■ Work instruction
Go through the listing below and retype exactly the lines starting at the one with "Three small ghost" and ending at the one with "354,287 Spices Spoon", skipping pictures.

[[ Supplied material open ]]

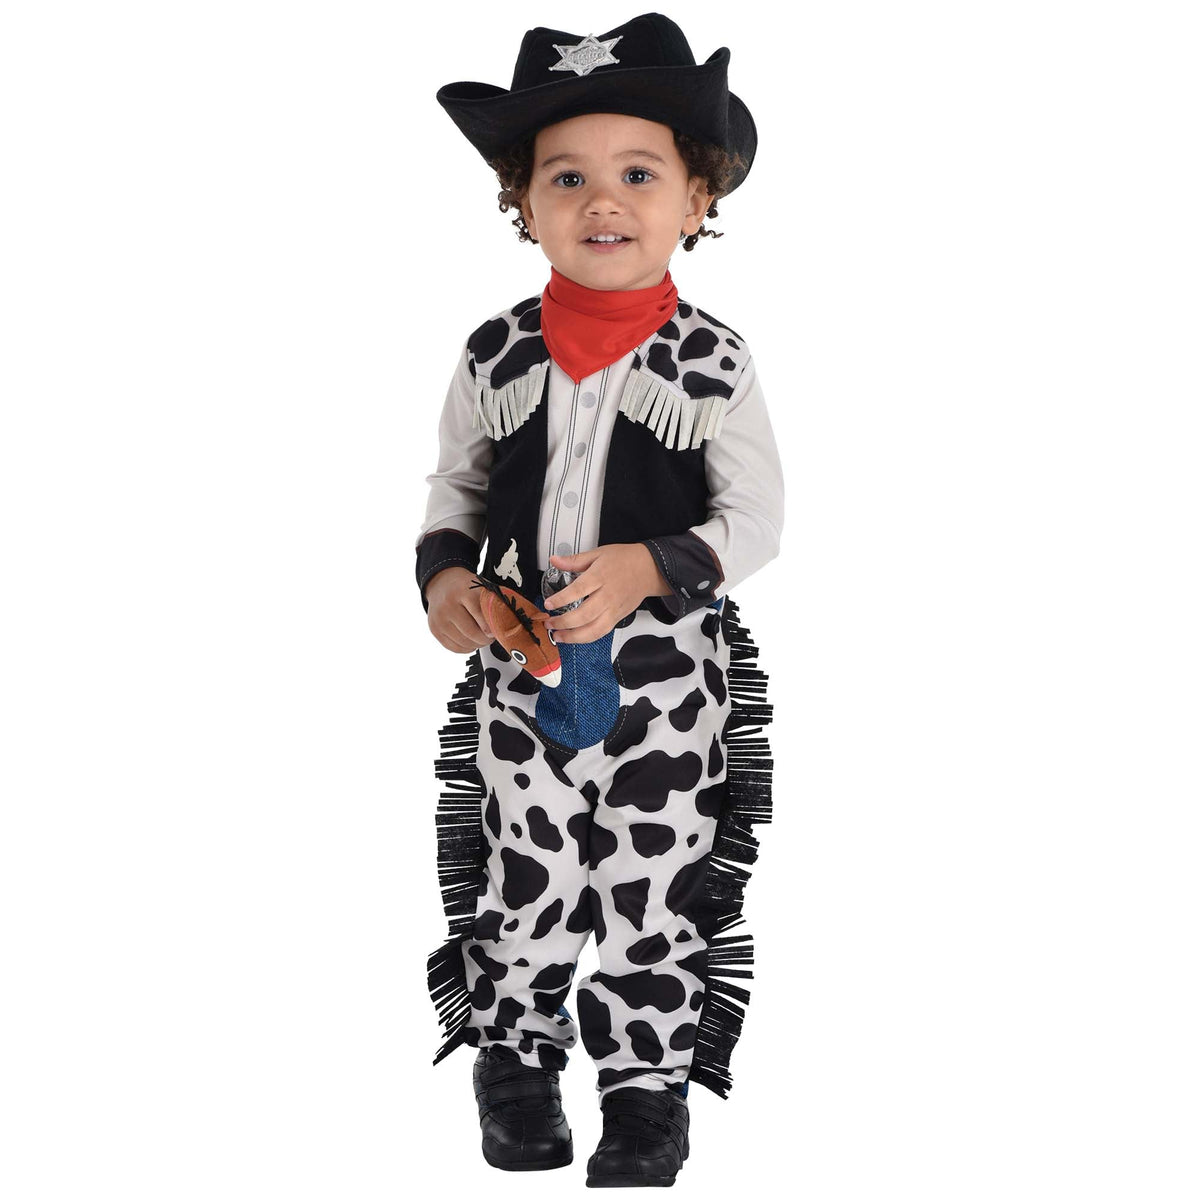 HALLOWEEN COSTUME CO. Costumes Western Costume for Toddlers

[[ Supplied material closed ]]
[[ Supplied material open ]]

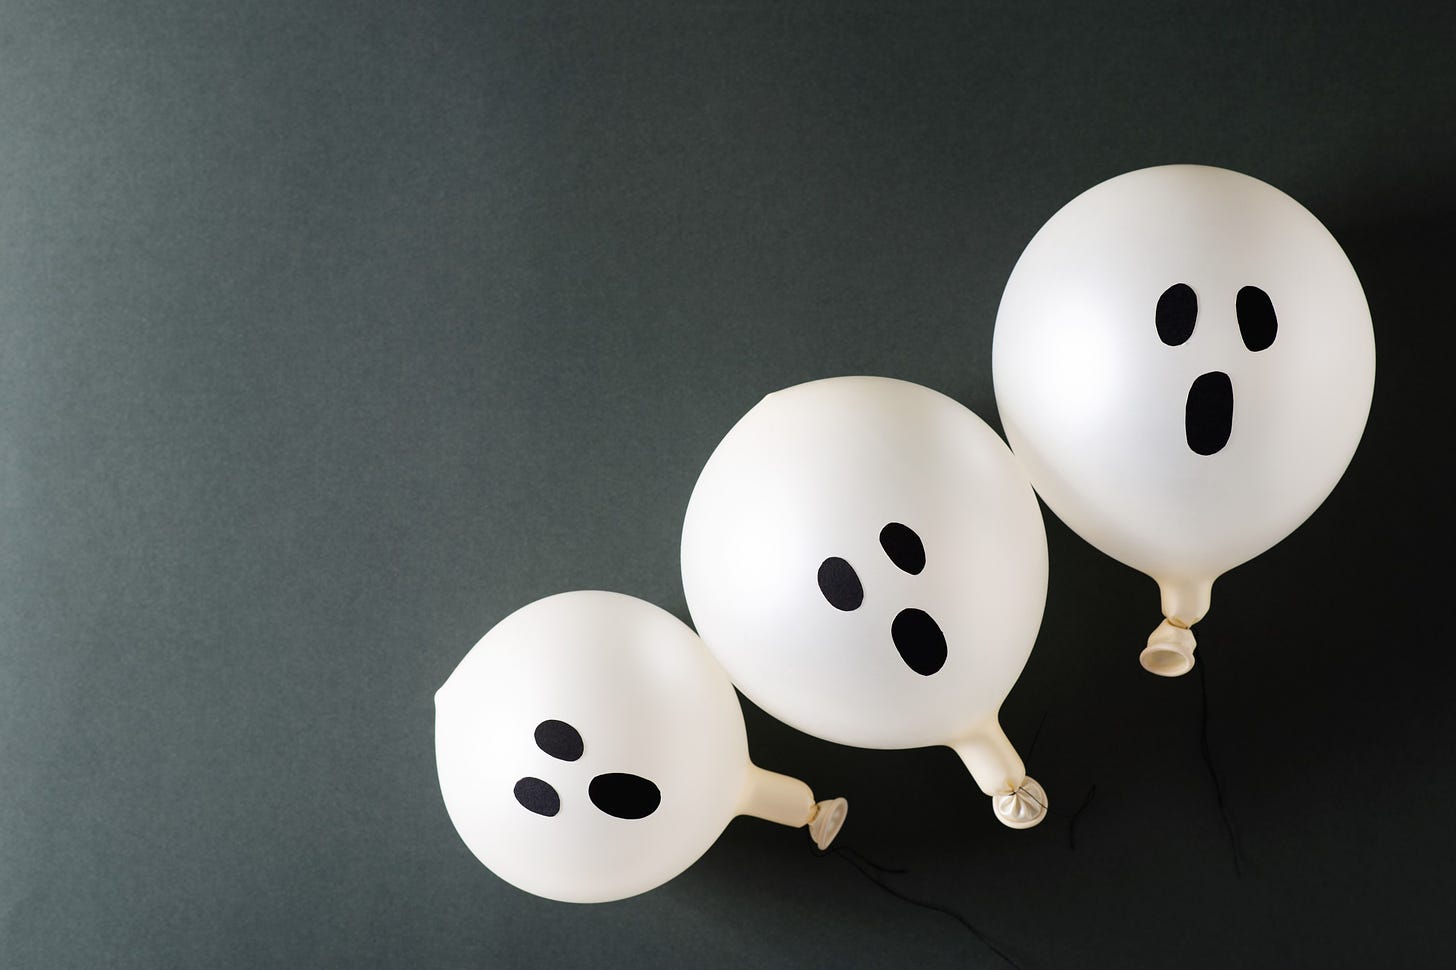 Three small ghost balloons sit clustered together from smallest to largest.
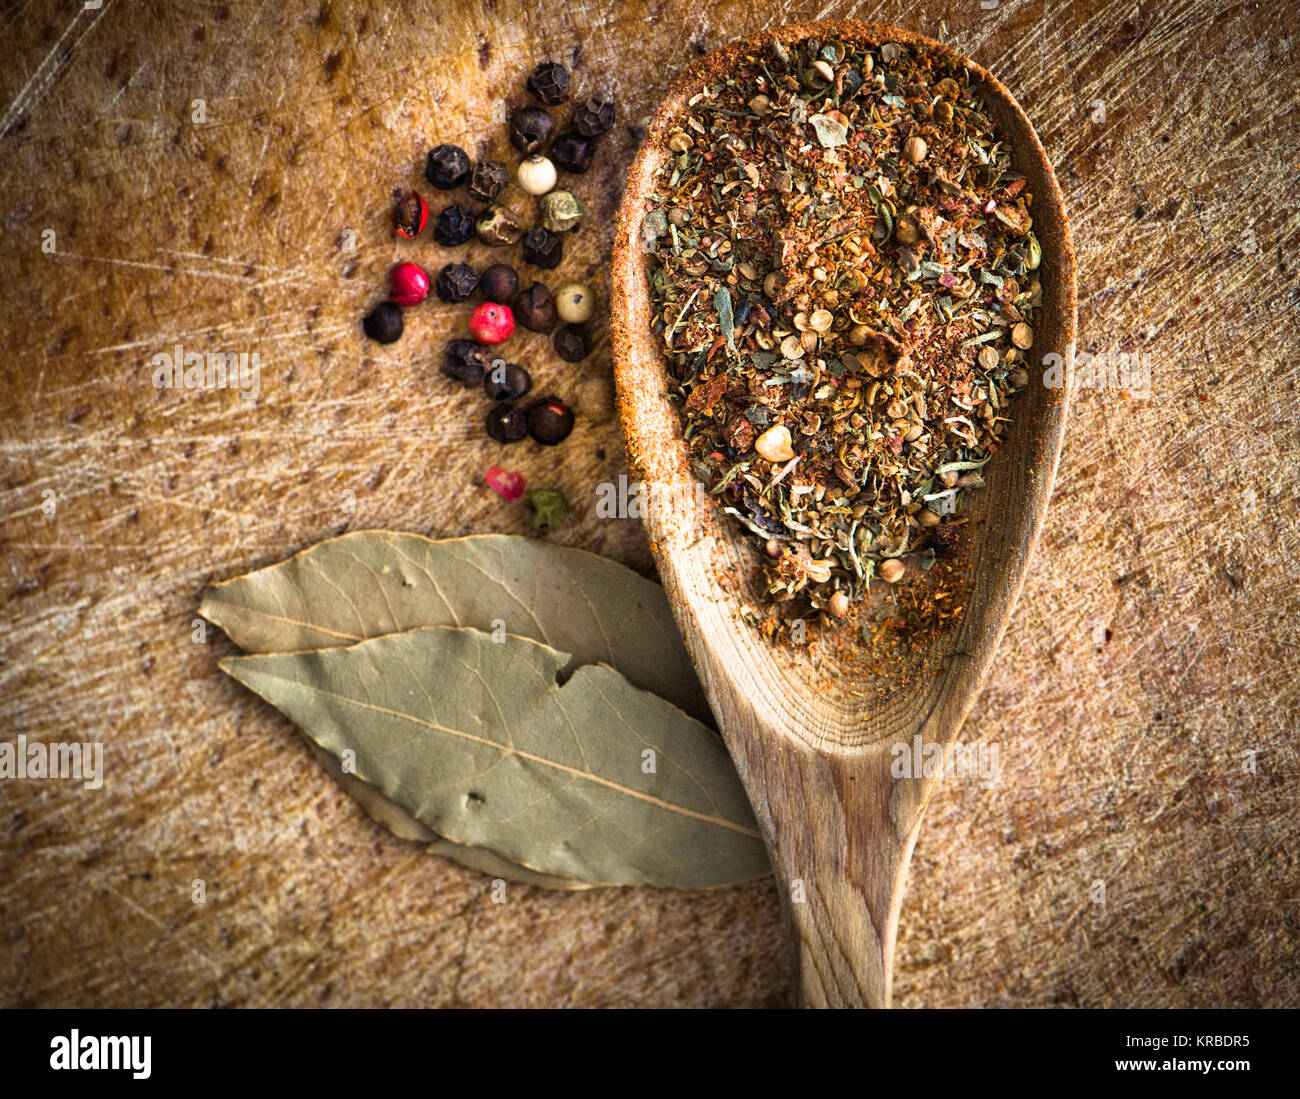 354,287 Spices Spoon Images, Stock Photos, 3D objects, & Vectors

[[ Supplied material closed ]]

■ Result of this exercise
 Three small ghost balloons sit clustered together from smallest to largest.
 354,287 Spices Spoon Images, Stock Photos, 3D objects, & Vectors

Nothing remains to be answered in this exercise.